Extracted records
□ □ □
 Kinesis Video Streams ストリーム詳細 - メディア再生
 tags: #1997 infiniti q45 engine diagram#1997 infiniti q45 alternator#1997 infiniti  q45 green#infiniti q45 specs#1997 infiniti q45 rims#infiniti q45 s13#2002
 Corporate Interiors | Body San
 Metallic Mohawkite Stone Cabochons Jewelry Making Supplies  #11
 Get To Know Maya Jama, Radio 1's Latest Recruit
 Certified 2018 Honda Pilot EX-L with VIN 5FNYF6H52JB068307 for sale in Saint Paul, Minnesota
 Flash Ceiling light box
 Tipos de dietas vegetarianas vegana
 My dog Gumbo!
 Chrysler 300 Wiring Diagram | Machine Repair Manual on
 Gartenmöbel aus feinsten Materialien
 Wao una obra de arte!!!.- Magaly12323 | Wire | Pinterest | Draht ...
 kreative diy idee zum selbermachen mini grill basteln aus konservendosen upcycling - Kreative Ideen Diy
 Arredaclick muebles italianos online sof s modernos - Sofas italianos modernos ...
□ □ □
EXERCISE BRIEF
Starting at the line that contains "My dog Gumbo!", copy every line down to the last line of the records above, exactly as written.

EXERCISE RESULT
 My dog Gumbo!
 Chrysler 300 Wiring Diagram | Machine Repair Manual on
 Gartenmöbel aus feinsten Materialien
 Wao una obra de arte!!!.- Magaly12323 | Wire | Pinterest | Draht ...
 kreative diy idee zum selbermachen mini grill basteln aus konservendosen upcycling - Kreative Ideen Diy
 Arredaclick muebles italianos online sof s modernos - Sofas italianos modernos ...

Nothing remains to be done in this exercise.